Can you please tell me how did you added the scsi support?

I've got 8gb usb stick that I used as a hdd with a live Debian on it which is now not recognized by fdisk but appears in lsusb and dmesg.

After reading your posts I now can see it as a scsi device (using lsscsi)

lsscsi |grep USB

[7:0:0:0]    disk    Generic  USB Flash Disk   7.76  /dev/sdb 

I will really appreciate it if you help me.

Regards,

Beliya

----------

## njcwotx

Im not in a position for the long answer at the moment.  Do you know how to use the kernel config tools and build a new kernel?  In device drivers in "make menuconfig" there is a place to add scsi disk support.  Off the top of my head and typing on an ipad its hard to create step by step instructions.  Tommorrow i can post more specific instructions if you need them.  Of course if you have not setup your own kernel you will need to review the docs on building your own kernel.  Its typically easy once you have an idea of how to do it.

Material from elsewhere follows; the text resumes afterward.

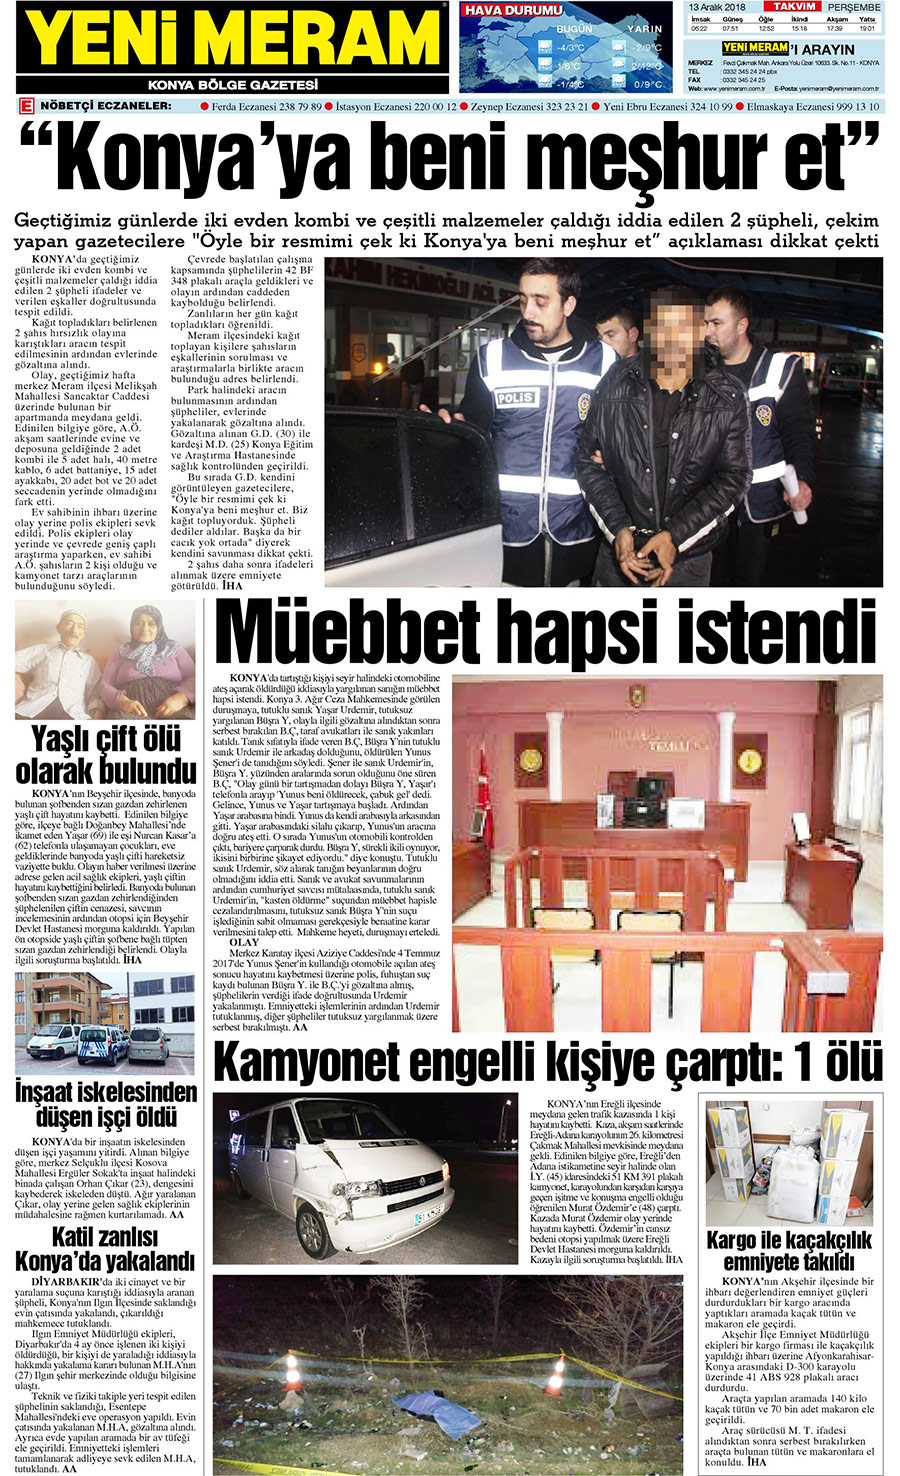 13 Aralık 2018 Yeni Meram Gazetesi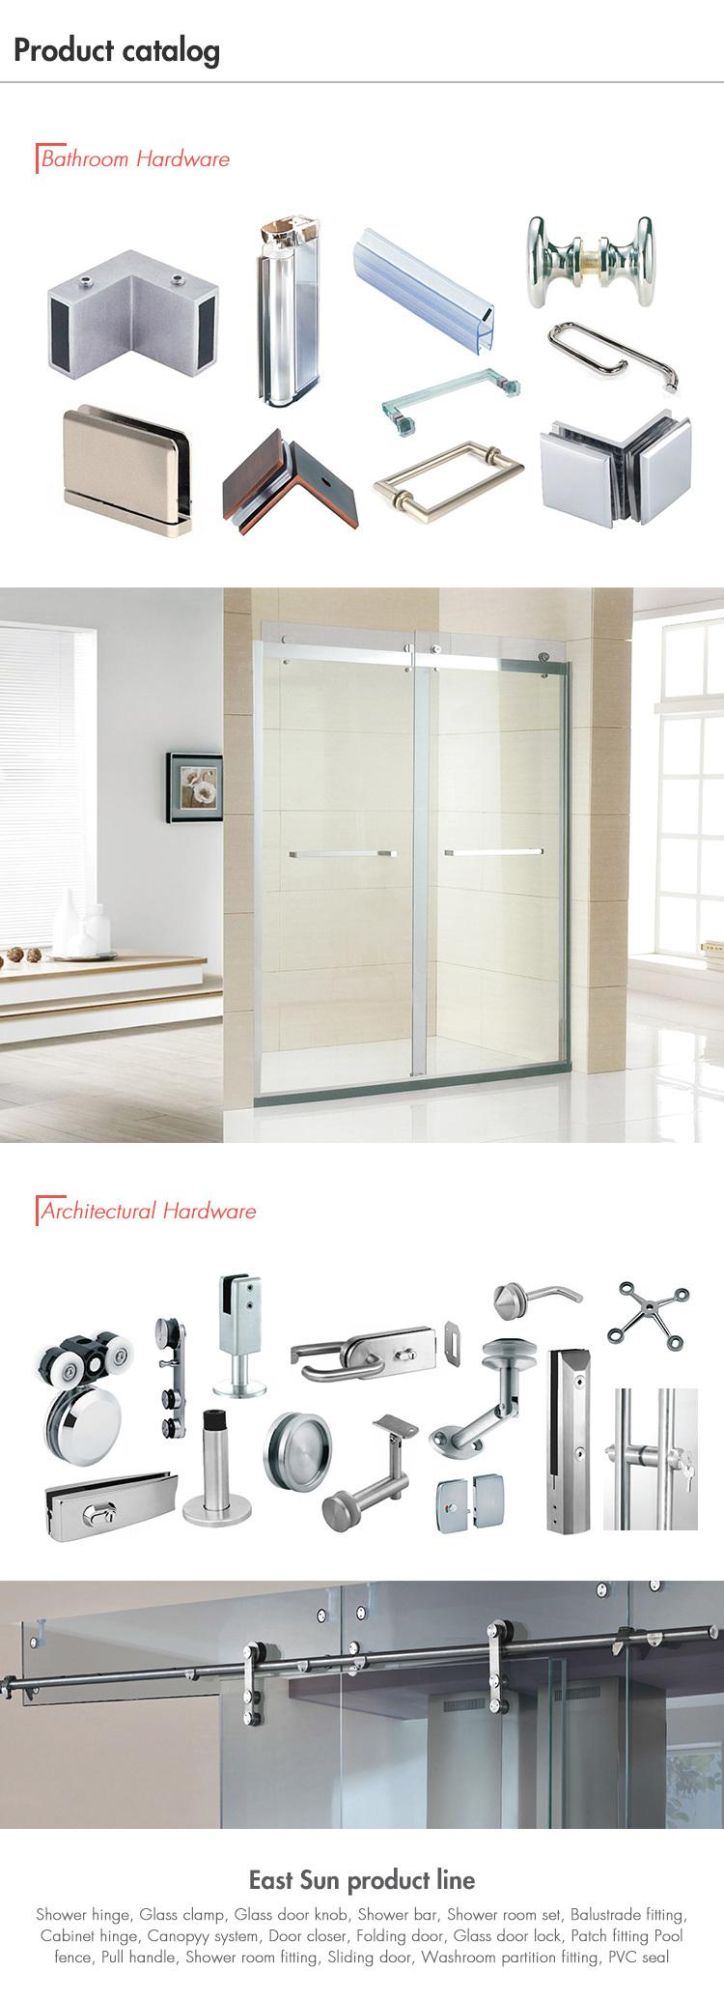 Europe Design, High Quality Aluminum Glass Door Hinge (EWH-201B)

Re reading your post, what flavor of linux are you using?  Is it gentoo or another variant?  The specific answer to add scsi disk support can depend on which flavor.  Ultimately its the same when the kernel is compiled but each one goes about the process is done differently.

----------

## beliya

Hello njcwotx.

Thank you for the quick reply.

I think I'm familiar with building kernel, I have done it some years ago and I think I can do it again. However, I thought that I can load the module using modprobe.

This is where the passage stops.